In Watkins, our Supreme Court determined that Harbour's stop of defendant was justified by his reasonable suspicion, which was based upon an anonymous tip and his own observations, following the tip, of the defendant. Watkins, 337 N.C. at 442-43, 446 S.E.2d at 70-71. The question in the present case is, however, whether a "tip" which is fabricated by a police officer may serve as a basis for an officer's reasonable suspicion.


Although reasonable suspicion is less stringent than probable cause, it nevertheless requires that statements from tipsters carry some "indicia of reliability." Alabama v. White, 496 U.S. 325, 332, 110 L. Ed. 2d 301, 310, 110 S. Ct. 2412 (1990). Because the evidence which supports a reasonable suspicion, like that supporting probable cause, must bear some "indicia of reliability," it follows that the evidence which will support reasonable suspicion, though it may be of a lesser "quantity or content" than that to support probable cause, White, 496 U.S. at 330, 110 L. Ed. 2d at 309, must be genuine and not contrived misstatements by law enforcement officers. See Franks v. Delaware, 438 U.S. 154, 57 L. Ed. 2d 667, 98 S. Ct. 2674 (1978) (misstatements and material omissions by government employees cannot legally support a determination of probable cause). Furthermore, "police cannot insulate officer's deliberate misstatement merely by relaying it through an officer-affiant personally ignorant of its falsity." Franks, 438 U.S. at 163, 57 L. Ed. 2d at 677 n.6.


In this case, Fowler orchestrated a situation which, after alerting a second officer who knew nothing of Fowler's actions, gave rise to another officer's reasonable suspicion.
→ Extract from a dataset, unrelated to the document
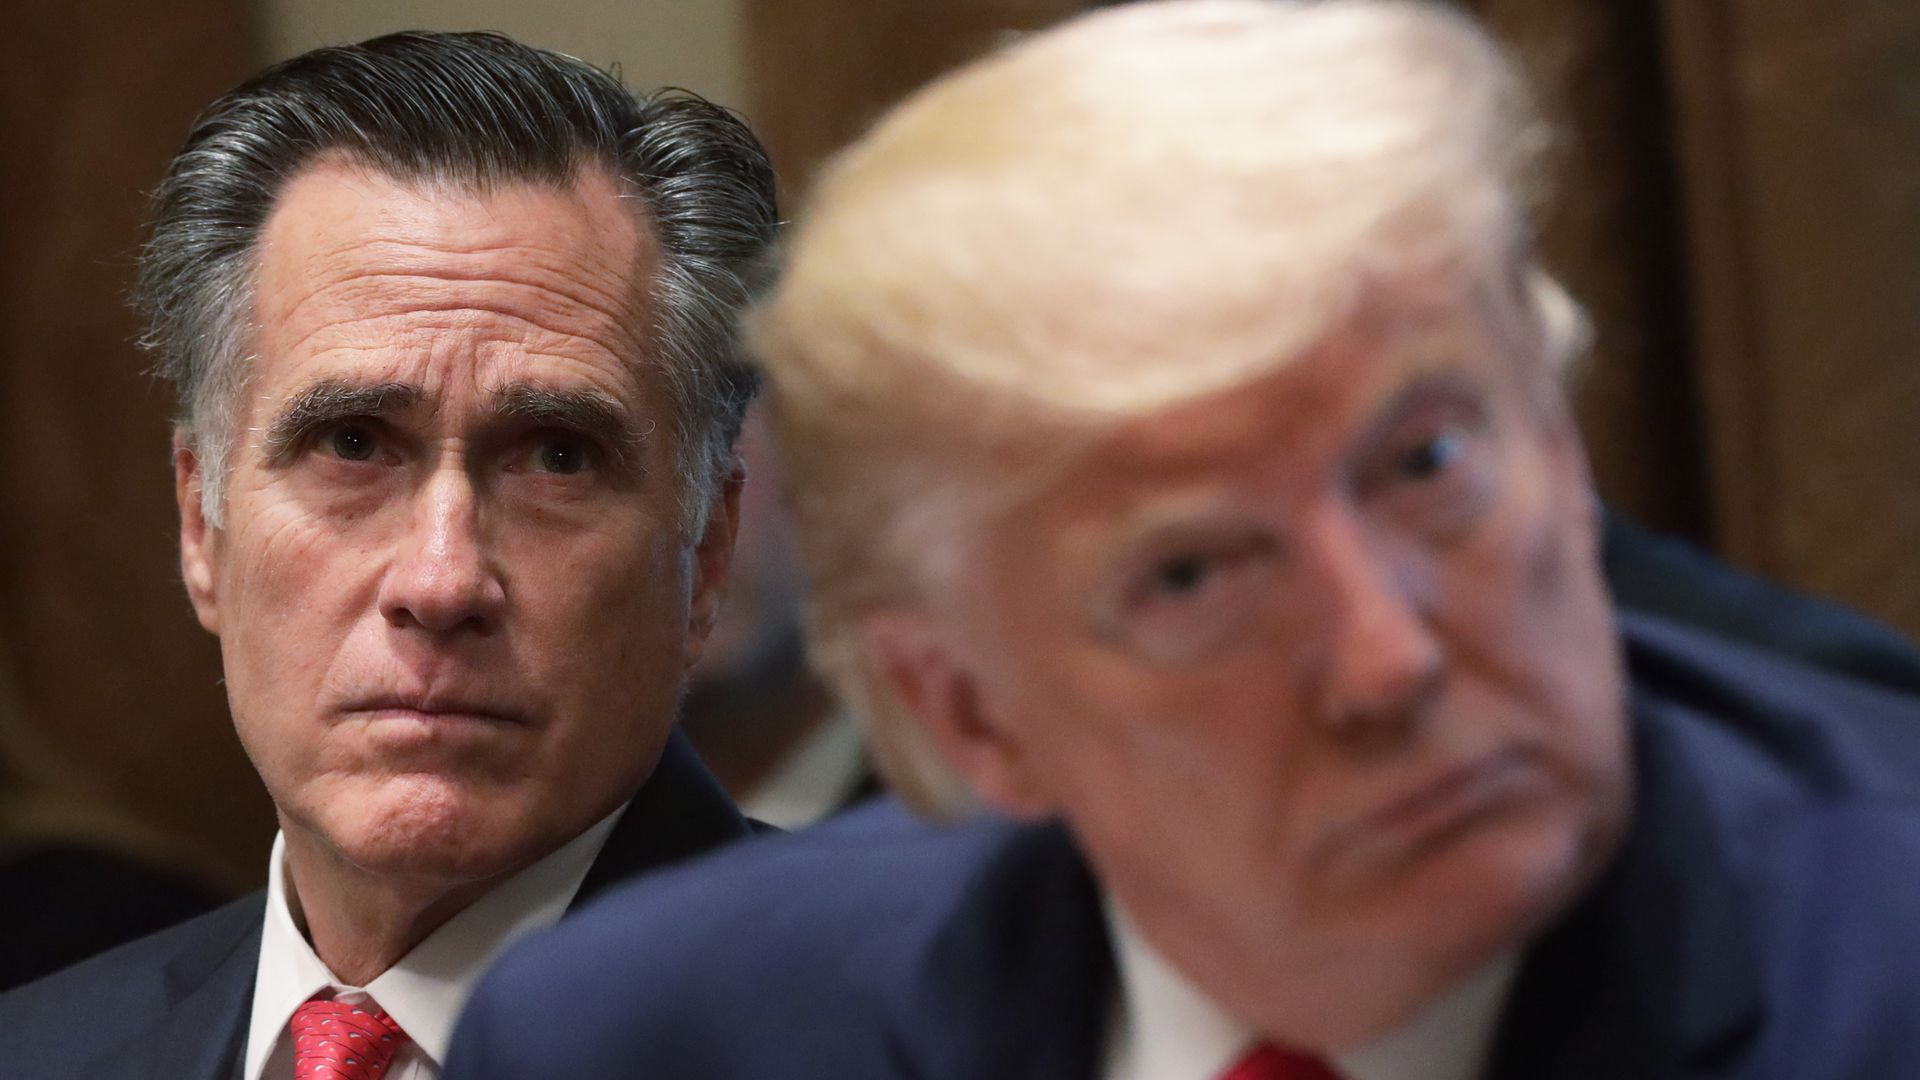 Romney seated next to Trump

The facts upon which Harbour's reasonable suspicion were grounded were not genuine and the fact that he had no knowledge of Fowler's "trickery" does not attenuate his actions from Fowler's illegal actions. Franks, 438 U.S. at 163, 57 L. Ed. 2d at 677 n.6; see State v. Cooke, 54 N.C. App. 33, 45, 282 S.E.2d 800, 808 (1981), aff'd, 306 N.C. 132, 291 S.E.2d 618 (1982). Accordingly, the trial court properly granted defendant's motion to suppress.


Affirmed.


Judges MARTIN, Mark D., and MCGEE concur.